To investigate the functional aspects of the three polymorphisms, we measured the NOX plasma levels for the patients and controls. The levels were significantly decreased in the (TC+CC) genotype compared to the TT genotype of the T-786C polymorphism in the patients and the controls but not in other genotypes of the NOS3 gene (Glu298Asp and intron 4 polymorphisms). In addition, the levels were significantly decreased overall in patients with high-tension POAG compared to the controls. These results may be explained by the CC genotype, and the C allele of the T-786C polymorphism may be the cause of the decreased NOX levels. The significant decrease in the NOX levels in patients with POAG is because the (TT+CC) genotypes are more frequent in the patients with POAG than in the controls (60.6% versus 44.0%). In accordance with our results, Galassi et al. found lower NO plasma levels in patients with POAG. The researchers also found lower NO levels in the aqueous humor of patients with POAG [29]. Previous studies have also found lower NOx levels in the TC+CC group than in the TT group [24,30-32]. No effect of G894T or NOS3 4a/b polymorphisms on plasma NOx levels was found in several studies [33,34]. The decrease in the plasma concentration of NO could be implicated in the deregulation of IOP [28,35].

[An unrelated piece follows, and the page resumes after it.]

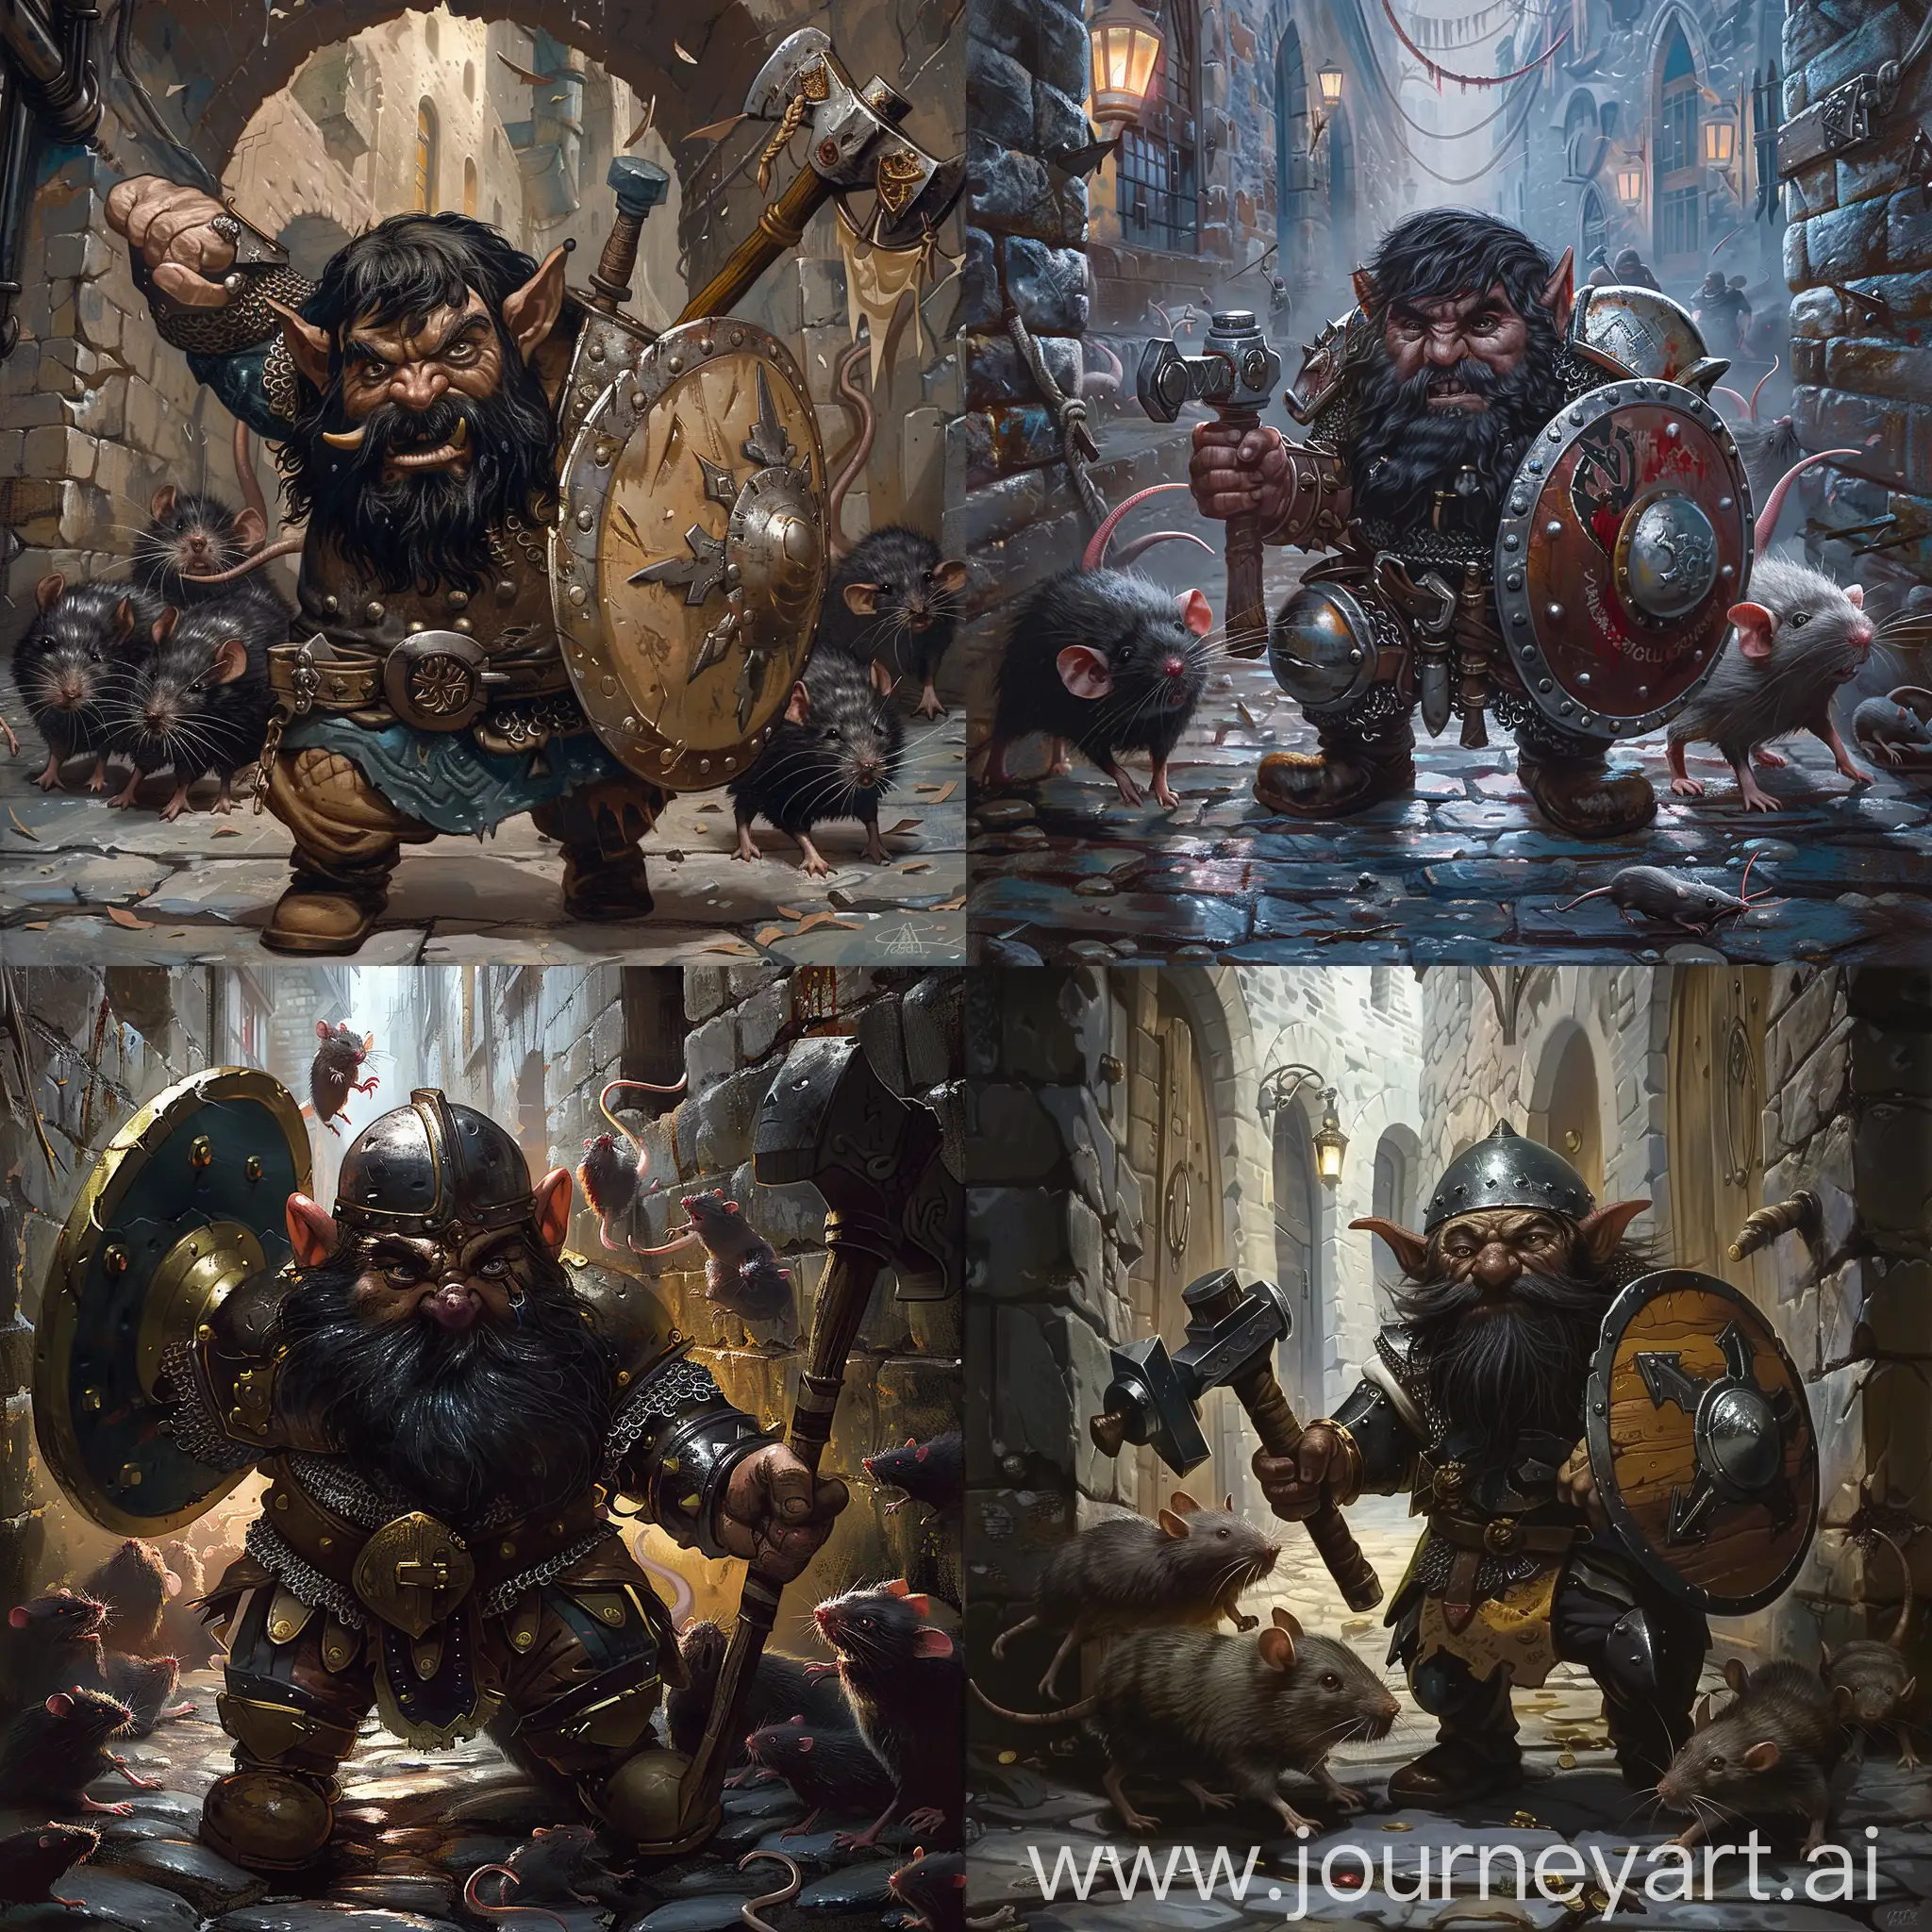 Fearful-Dwarf-Warrior-Defends-Against-Rats-in-Sewer-Dungeon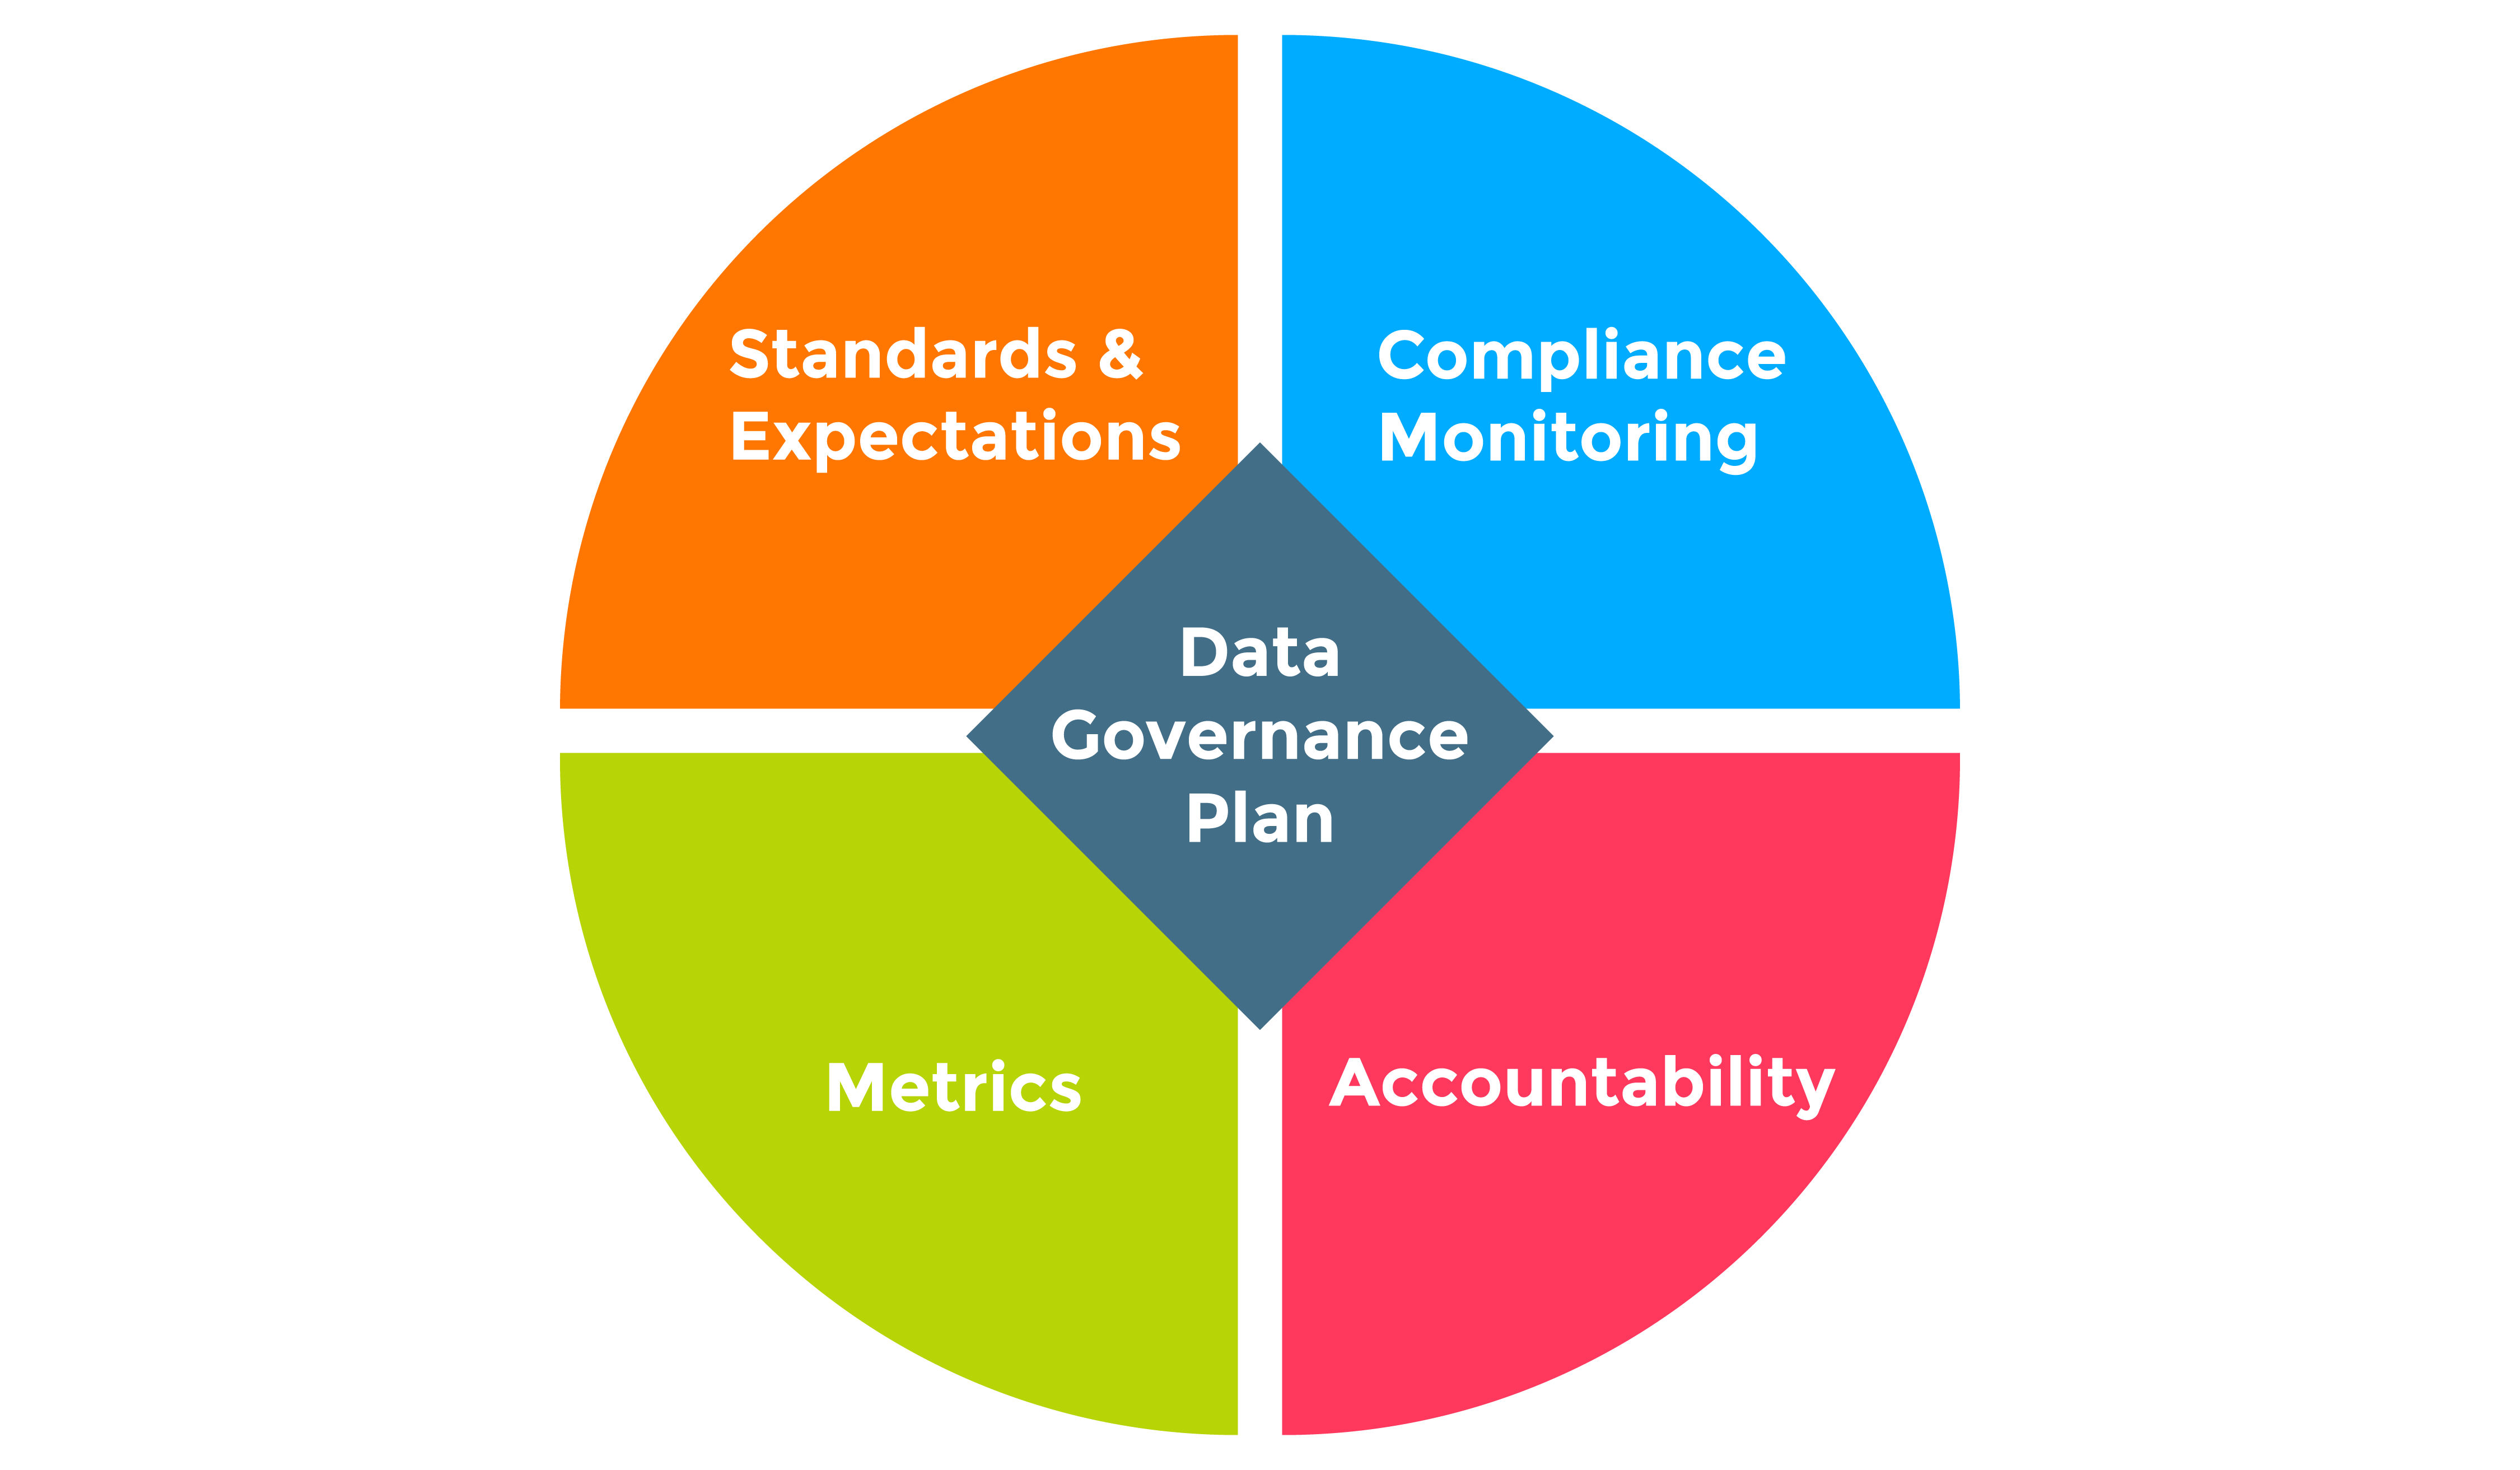 A data governance plan includes standards, metrics, accountability, and compliance monitoring

This study has several limitations. The sample size seems small, and other risk factors for glaucoma, e.g., myopia, systemic factors, and other risk genes were not considered. Larger studies with a larger sample size that consider other risk factors of high-tension POAG may be needed to establish the association between the NOS3 gene and POAG.
In conclusion, we have studied the genotype and allele frequencies of T-786C (rs2070744), Glu298Asp (rs1799983), and VNTR-a/b intron 4 polymorphisms of the NOS3 gene in relation to high-tension POAG and found the CC genotype and the C allele of the T-786C genotype were associated overall in patients with POAG and in female patients, but not in male patients. The Glu298Asp and VNTR-a/b intron 4 polymorphisms were not associated with overall high-tension POAG or after sex stratification.